▶ [Aim of the exercise]: Would you print the lines below exactly, beginning at the line that has "Вязание с каймой" and stopping after the line that has "La guía completa"? Only those lines, and no pictures.

▶ [Records to process]:
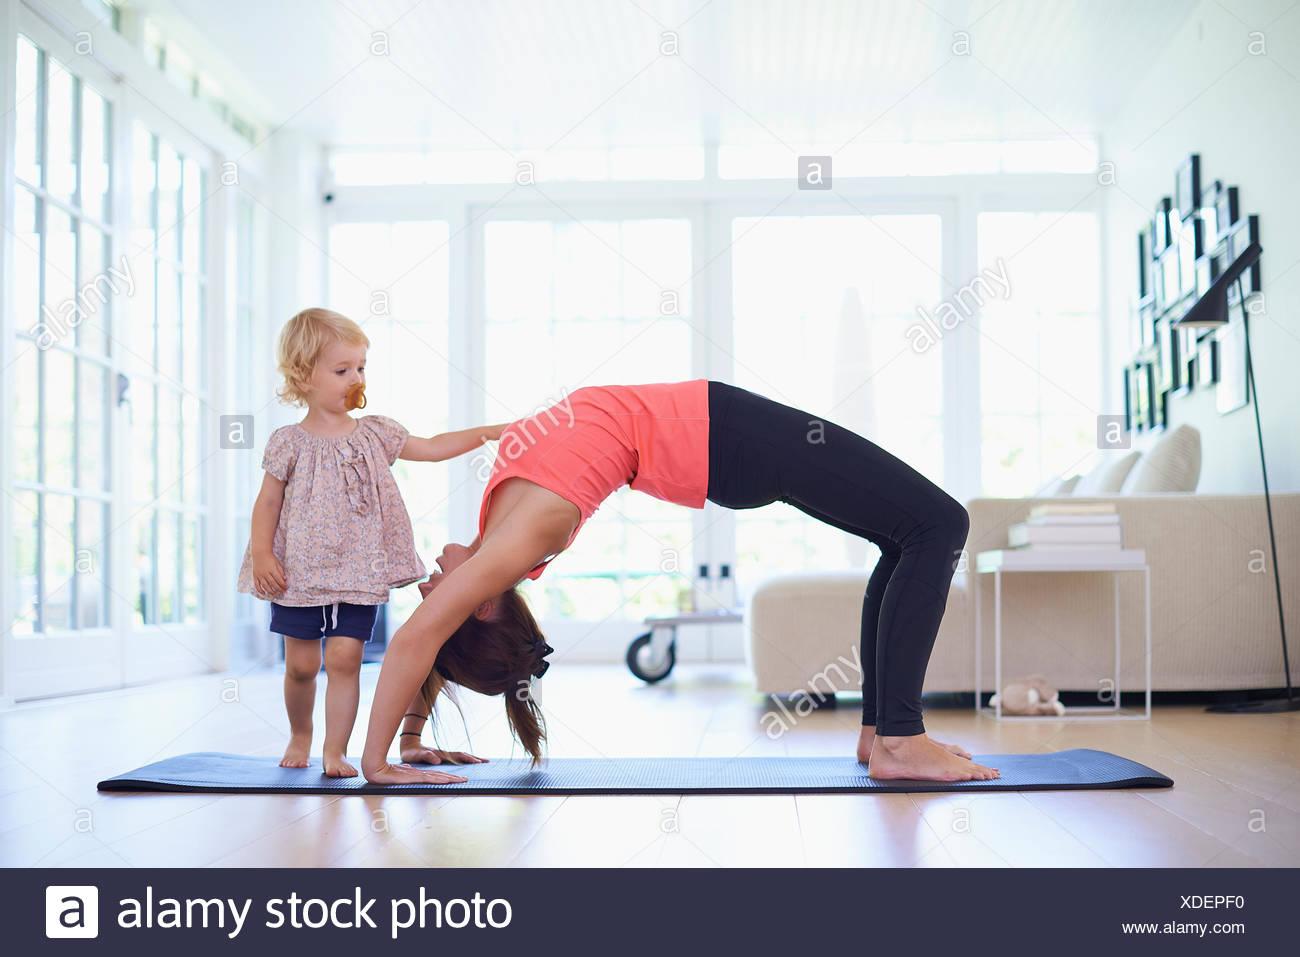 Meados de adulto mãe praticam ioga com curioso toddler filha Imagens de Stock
...
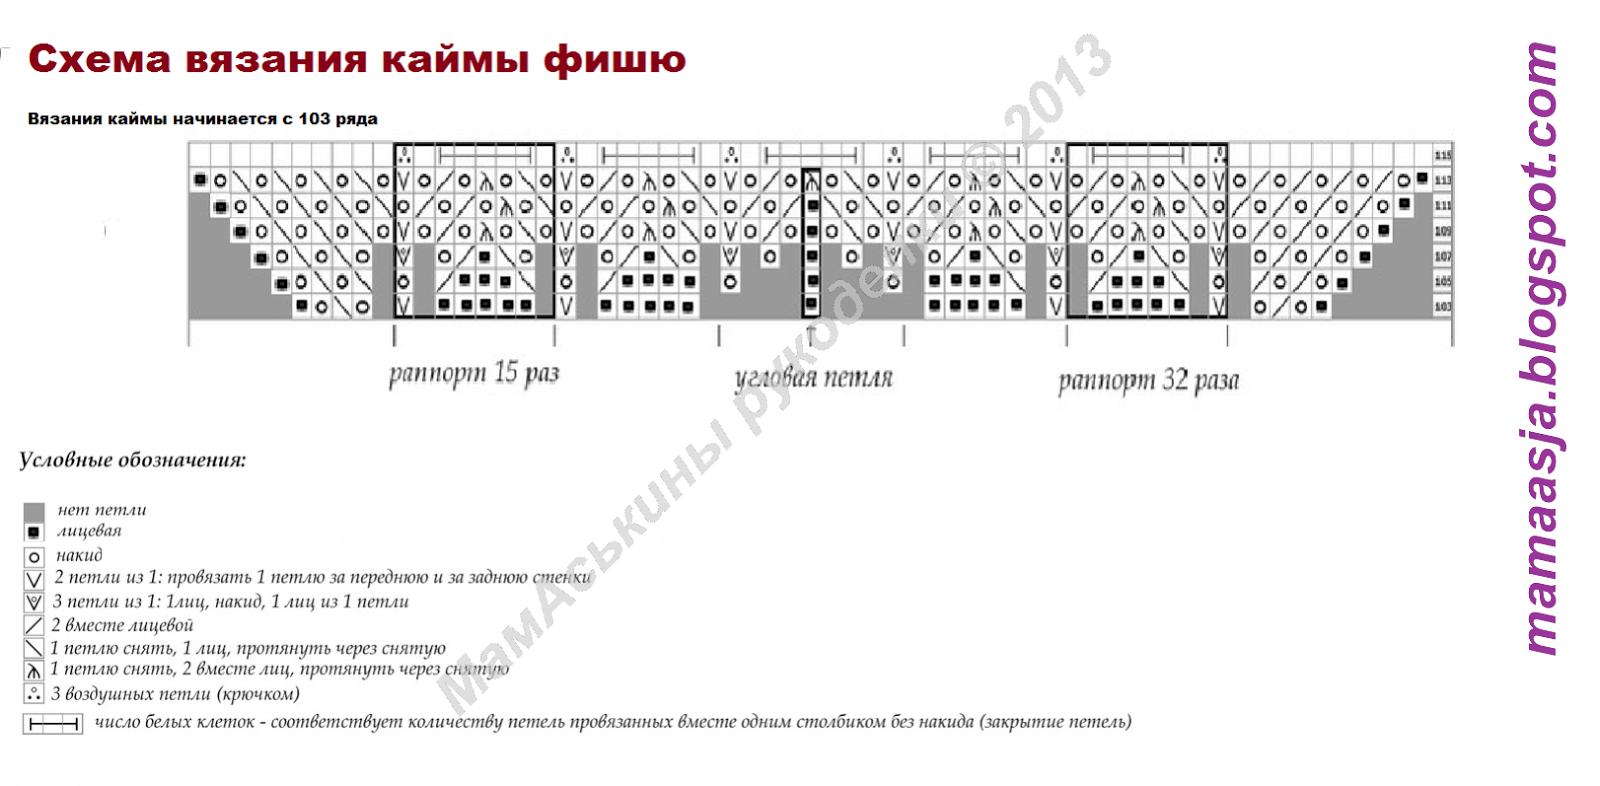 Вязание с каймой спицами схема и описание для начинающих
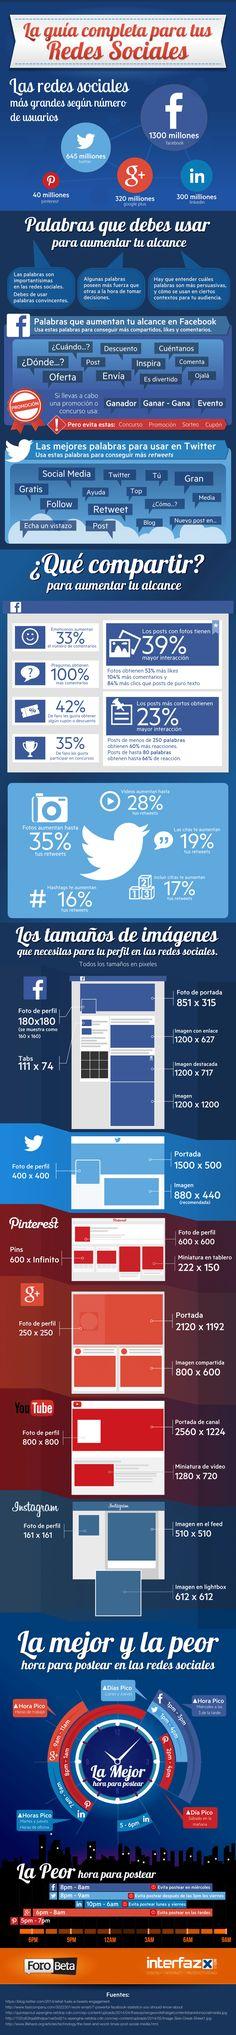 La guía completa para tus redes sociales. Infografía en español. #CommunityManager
==
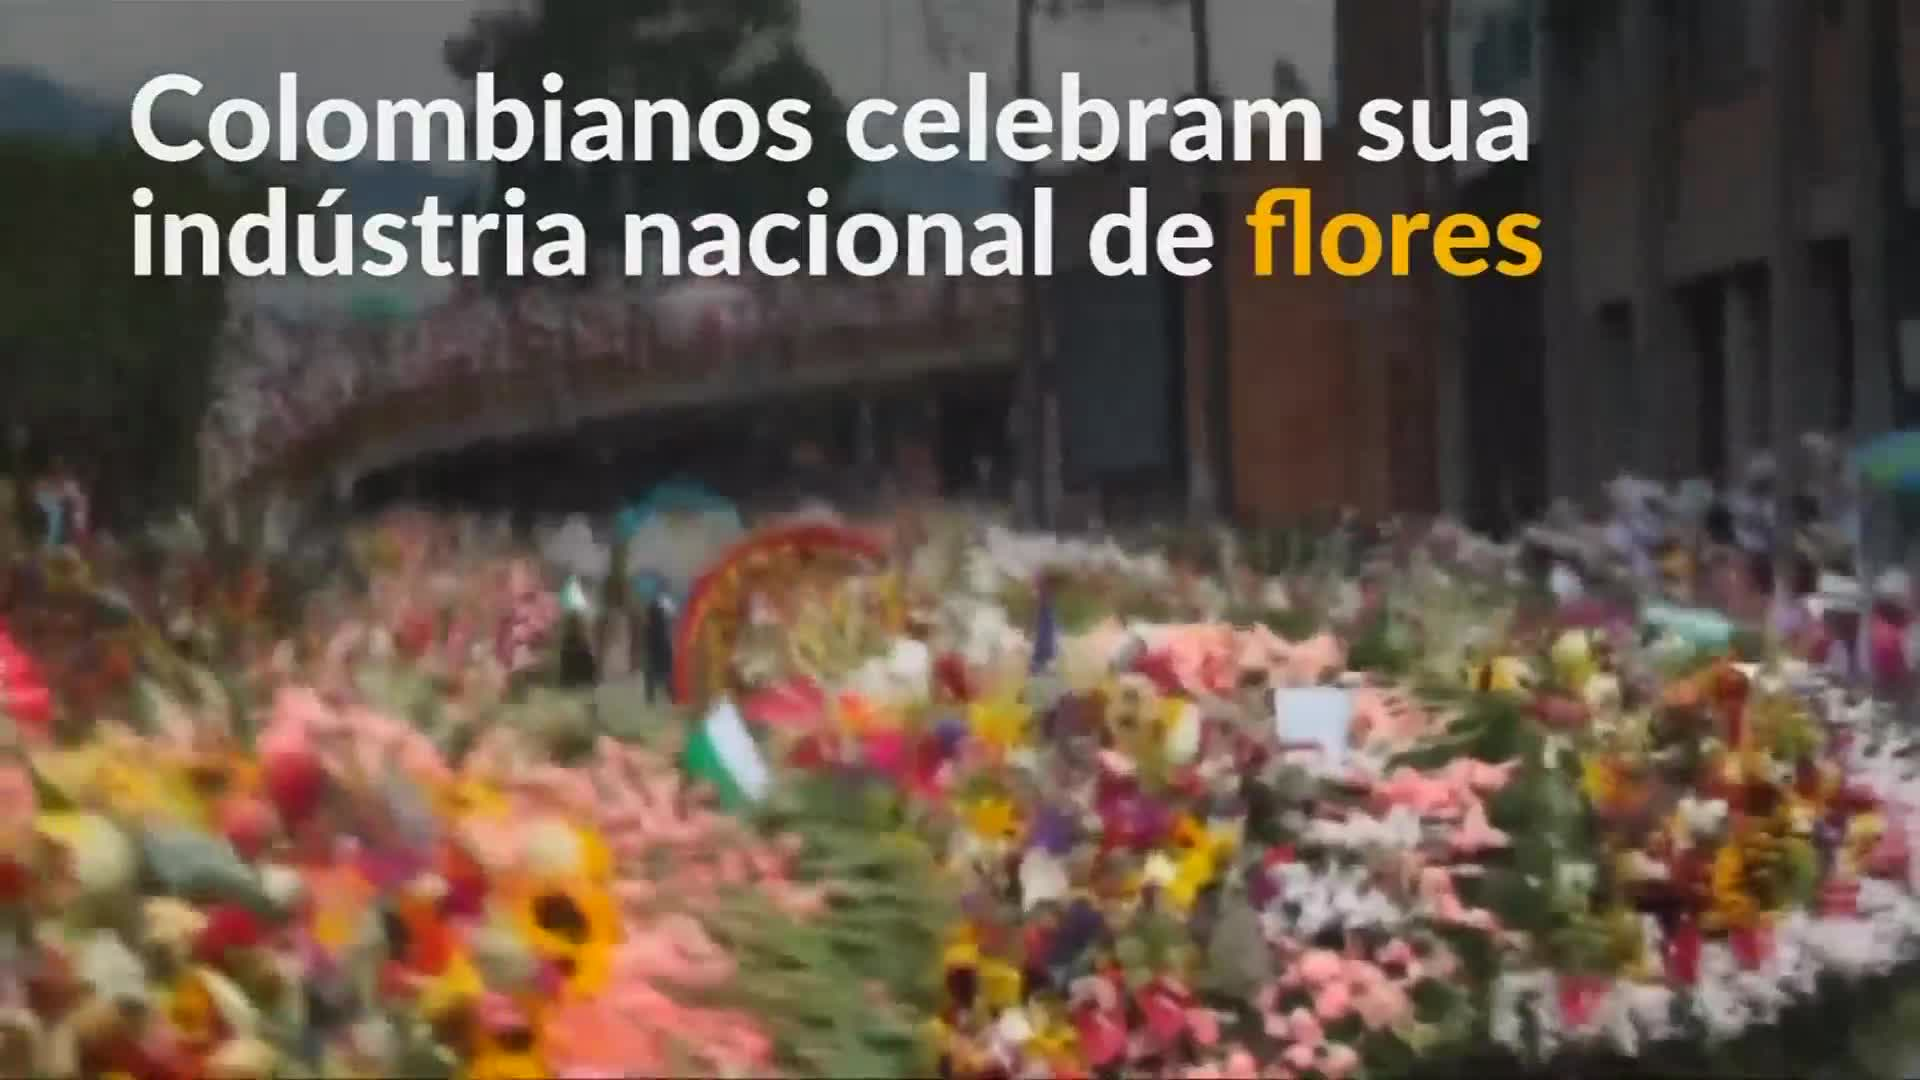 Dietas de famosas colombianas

▶ [Answer to this task]:
 Вязание с каймой спицами схема и описание для начинающих
 La guía completa para tus redes sociales. Infografía en español. #CommunityManager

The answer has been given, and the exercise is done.